Слушая ночные поезда, Паша воображает себя на каждом из них — то машинистом, то кочегаром, то пассажиром. Он переживает сейчас свои будущие странствия и видит их так ярко и отчетливо, словно у него уже была какая-то предыдущая, до отказу заполненная событиями жизнь, а теперь он ее лишь вспоминает. На самом деле он вспоминает будущее, как ни странно это звучит. Он живет будущим. Предвкушает его.
Особенно часто он видит себя в поезде дальнего следования офицером-пограничником. Он едет к месту нового назначения, на дальнюю-предальнюю границу. Он видит себя загорелым, ладным, широкоплечим, сдержанным, насмешливым, снисходительным, веселым, удачливым… Слушанье ночных поездов легко и незаметно переходит в сон, а оттуда — опять в явь.
В этих ночных полуснах-путешествиях обязательно участвует Леля. Собственно, все так подсознательно складывается, чтобы в какой-то момент, не раньше и не позже, она появилась. Особенно приятно представлять себе, как она садится в поезд на какой-то станции, и, конечно, именно в его вагон, и, конечно, в его купе. Садится напротив и не узнает. (А он-то ее сразу узнал!) Проводница приносит чай в больших гладких стаканах, прямоугольные пакетики сахара, сухари… Они пьют чай, рассеянно и бегло поглядывая друг на друга, как случайные попутчики. А потом он внезапно говорит: «Здравствуйте, Леля…» Она вспыхивает: «Откуда вы меня знаете? Кто вы?» Он называет кой-какие подробности того далекого знойного лета, но так, чтобы она не сразу догадалась. Надо помучить ее как следует. Это ведь так забавно — сказать: «Я вас знаю, а вы — меня» — и глядеть, как человек ломает голову и густо краснеет, потому что стыдно ведь: тебя помнят, а ты — нет…

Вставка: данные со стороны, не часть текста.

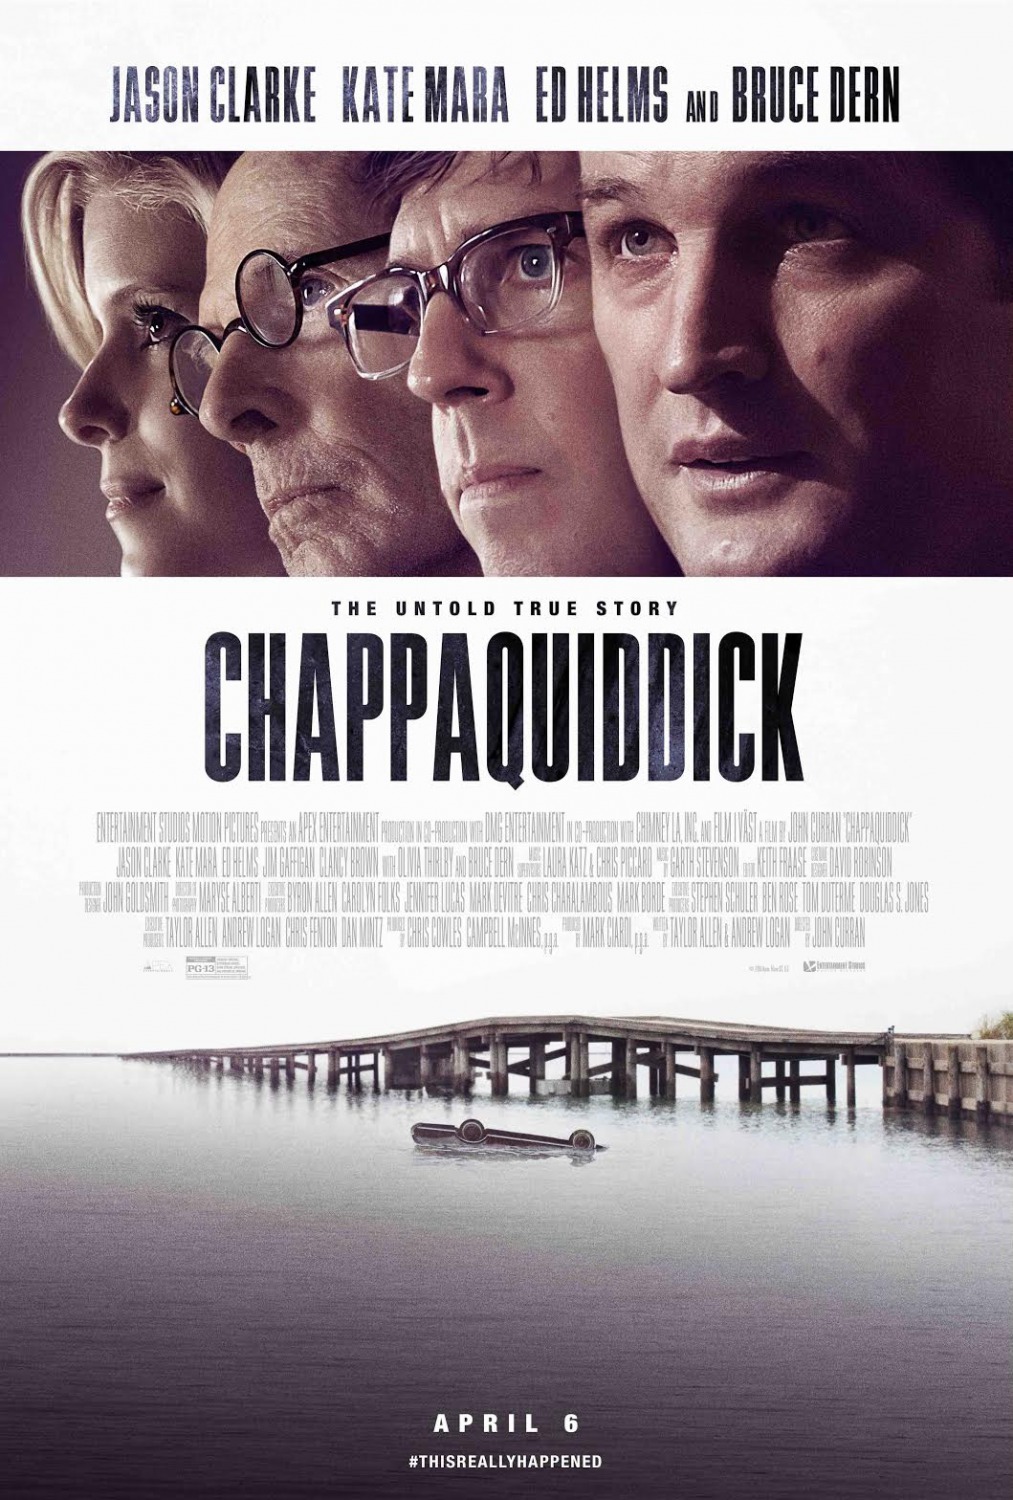 Nonton film Chappaquiddick layarkaca21 indoxx1 ganool online streaming terbaru

И вот он видит, как она улыбается жалко, растерянно, и защитная маска равнодушия, которую обычно люди надевают на себя среди посторонних, вдруг падает, и он видит ее обезоруженное лицо. И тогда он, такой красивый, такой недоступный, весь в скрипучих ремнях портупеи, с гладко выбритым лицом и, быть может, с пробивающейся на висках сединой, но седина — это не обязательно, — он, мягко улыбнувшись, говорит: «Ну, так я Паша». И в глазах ее — а он будет в упор смотреть на нее, — в глазах ее отразится удивление, и восторг, и горечь, и боль о далеком знойном лете, которого никогда не вернешь…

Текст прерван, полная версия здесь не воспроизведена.